• _RECORDS SHOWN_:
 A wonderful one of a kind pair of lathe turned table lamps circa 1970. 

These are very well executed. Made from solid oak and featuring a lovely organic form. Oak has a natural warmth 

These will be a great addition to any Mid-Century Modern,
...
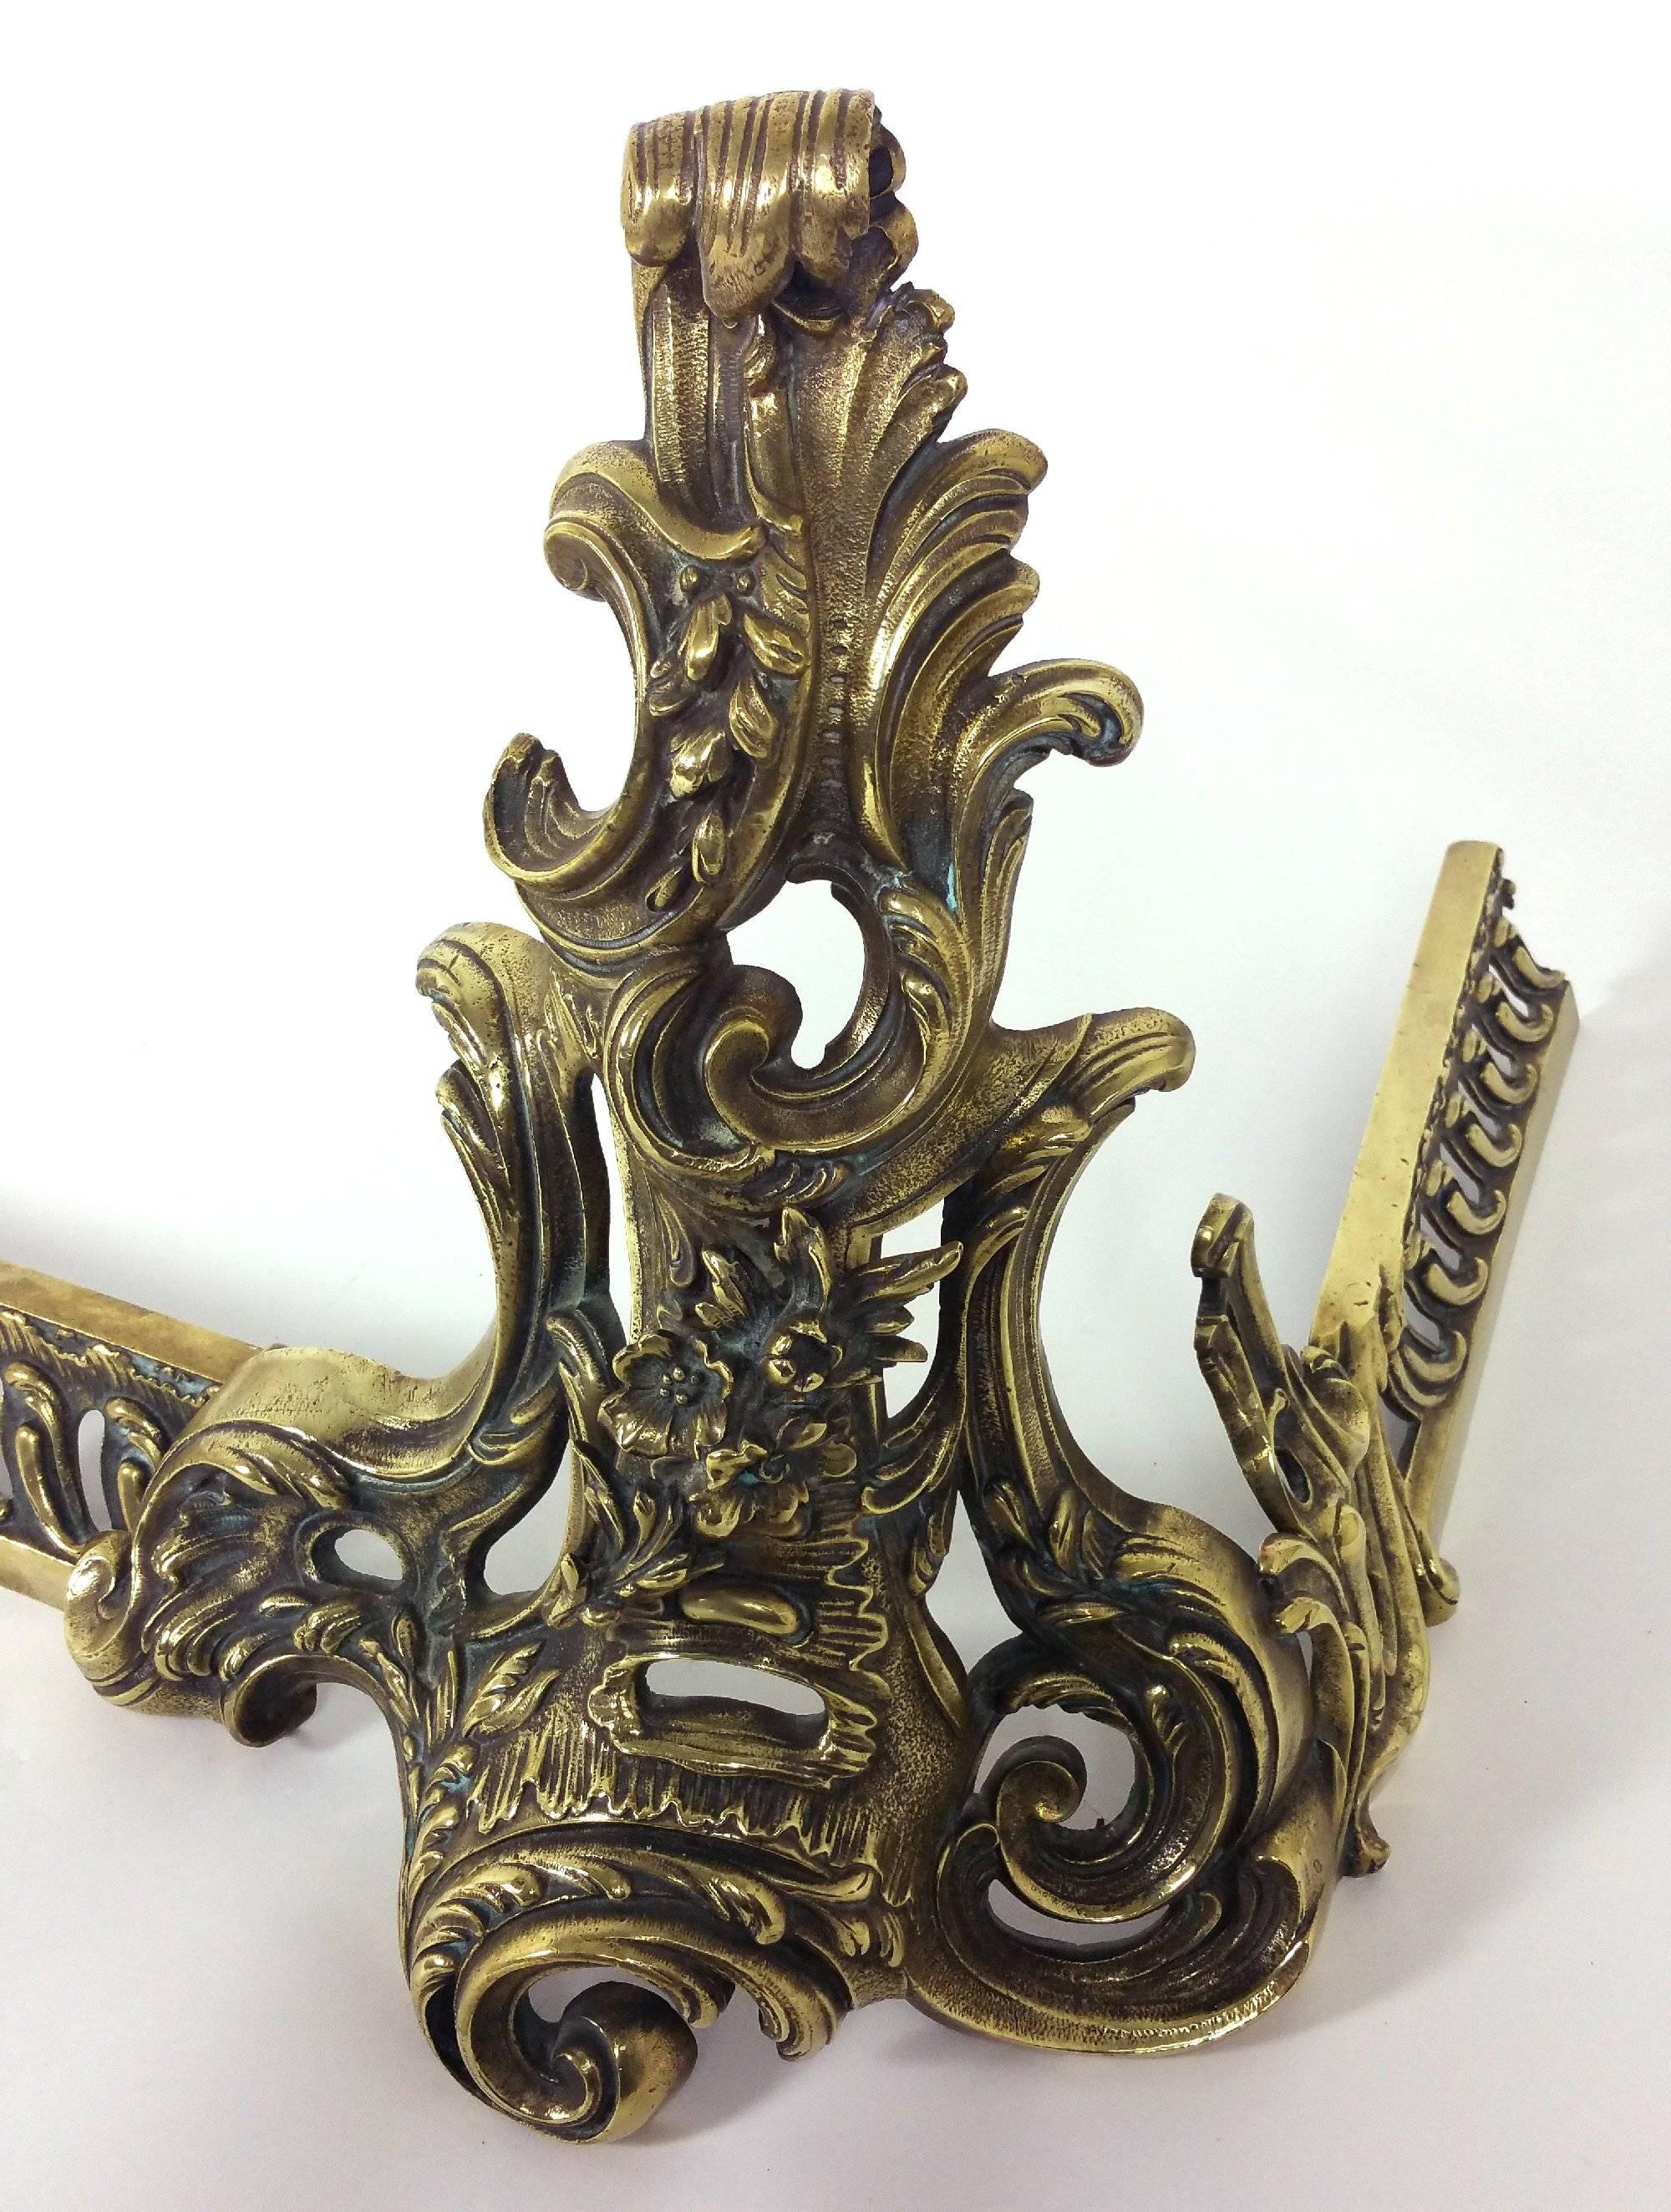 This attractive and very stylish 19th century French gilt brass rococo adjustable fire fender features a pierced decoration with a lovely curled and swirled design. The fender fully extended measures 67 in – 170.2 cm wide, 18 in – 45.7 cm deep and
--
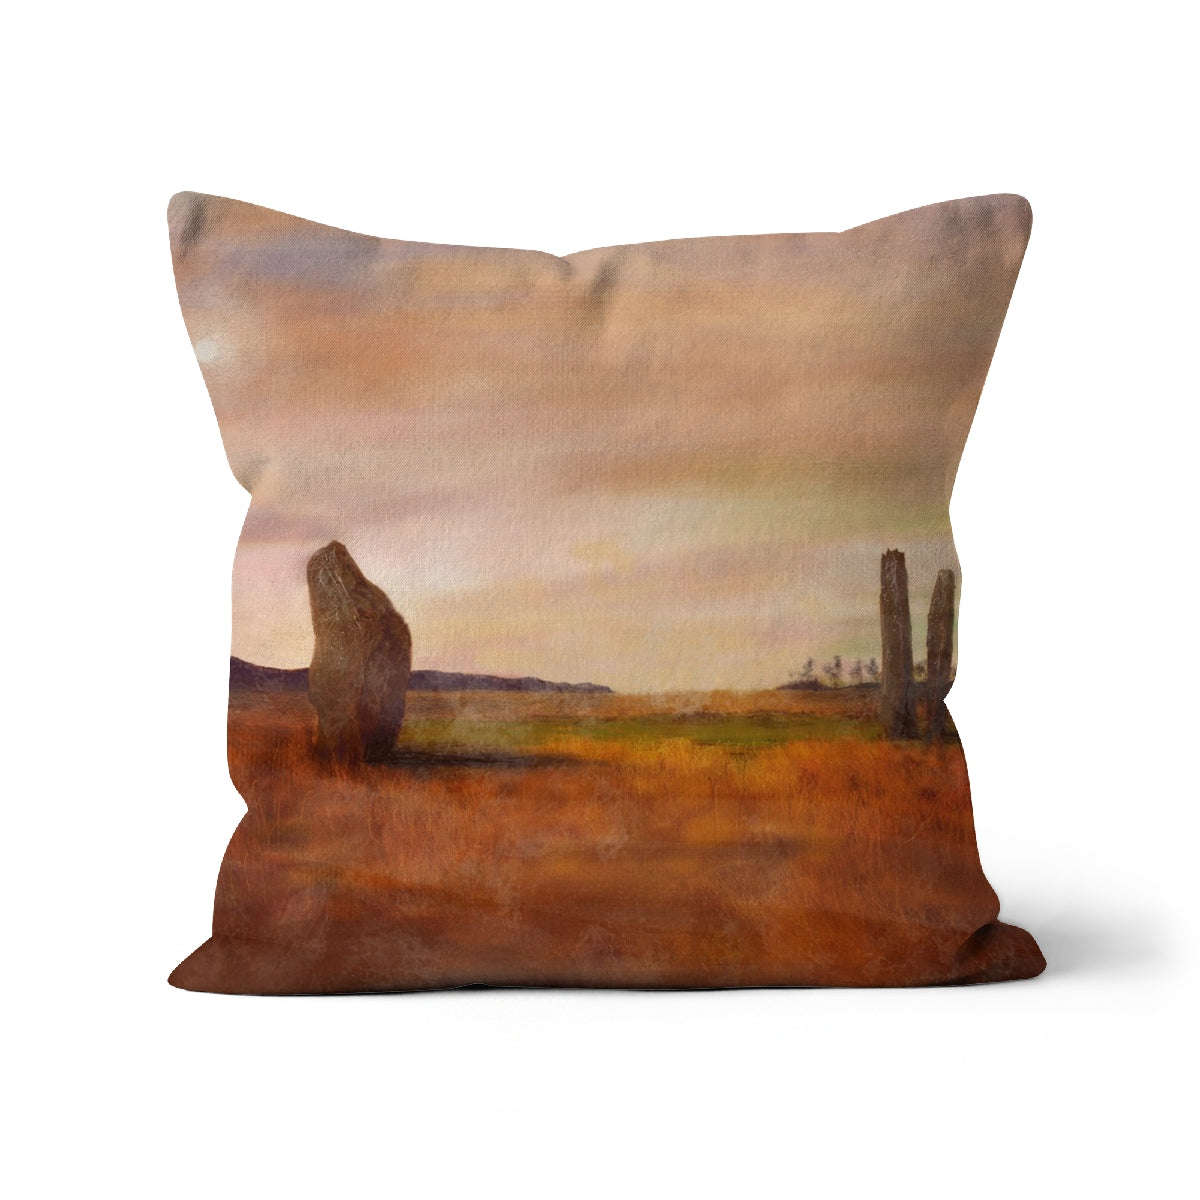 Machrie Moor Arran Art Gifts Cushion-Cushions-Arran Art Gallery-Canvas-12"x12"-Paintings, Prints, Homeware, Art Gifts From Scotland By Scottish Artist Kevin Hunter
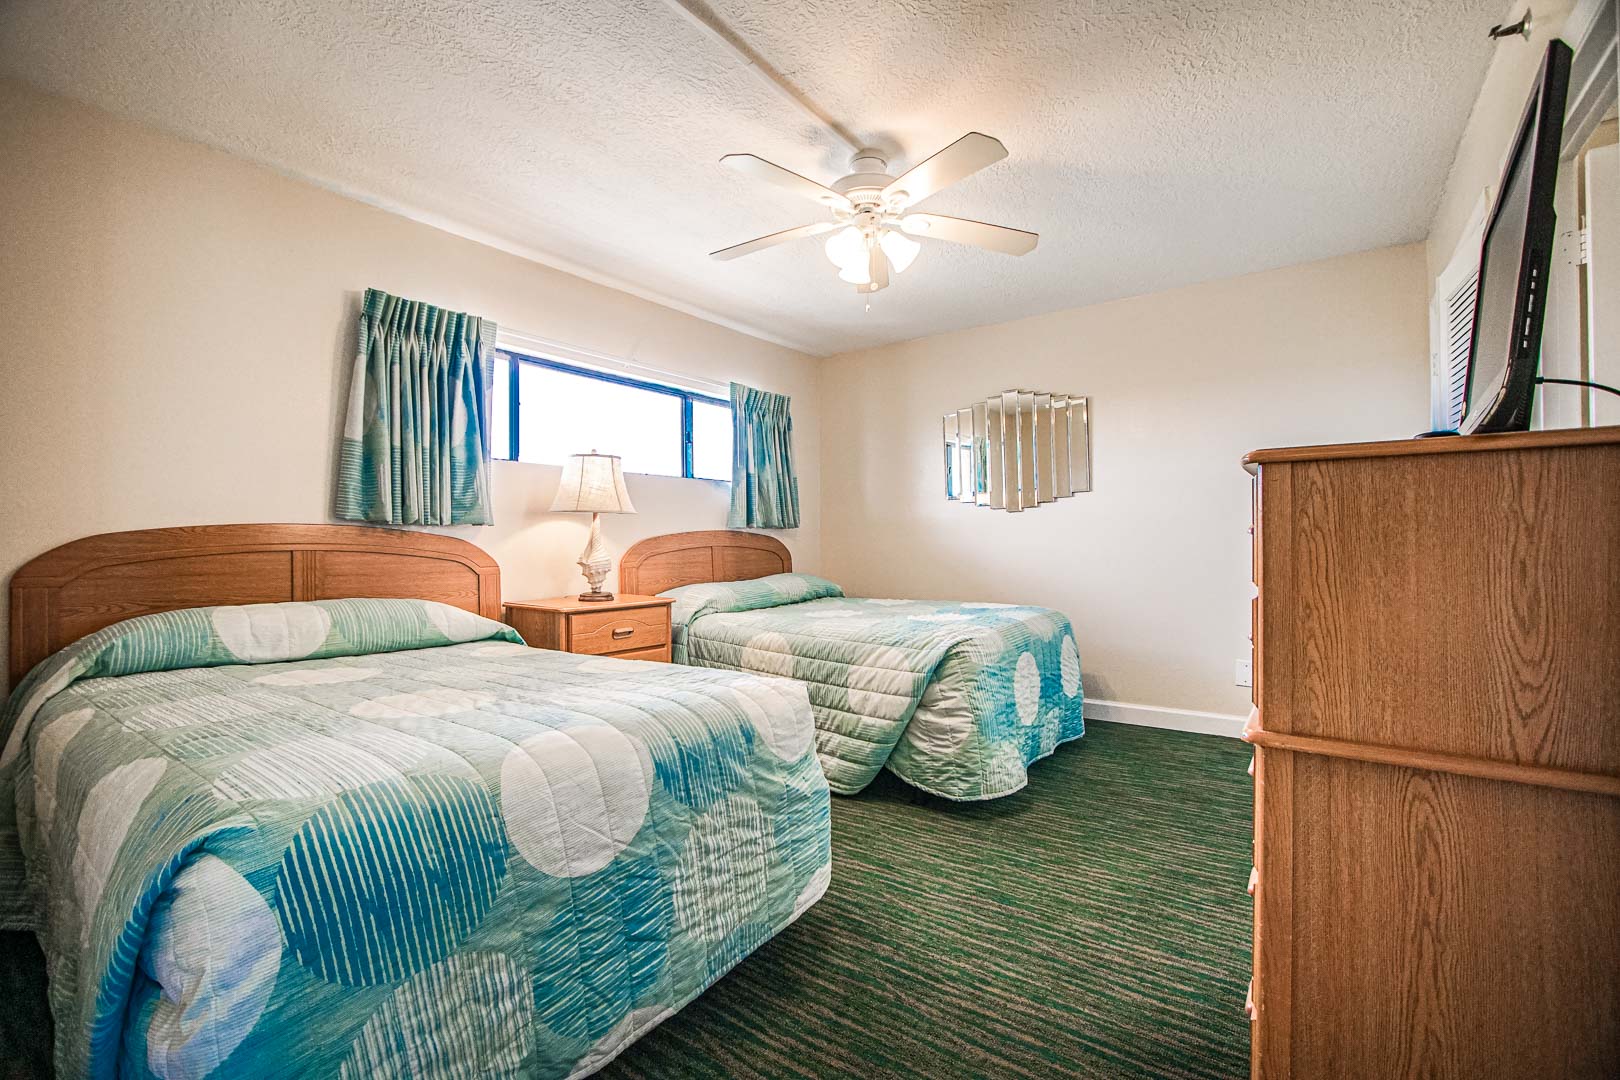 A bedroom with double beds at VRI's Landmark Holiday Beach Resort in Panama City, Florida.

• _REQUIREMENT_:
Would you please copy all lines in the data that contain the word "These"?

• _WRITTEN REPLY_:
These are very well executed. Made from solid oak and featuring a lovely organic form. Oak has a natural warmth 
These will be a great addition to any Mid-Century Modern,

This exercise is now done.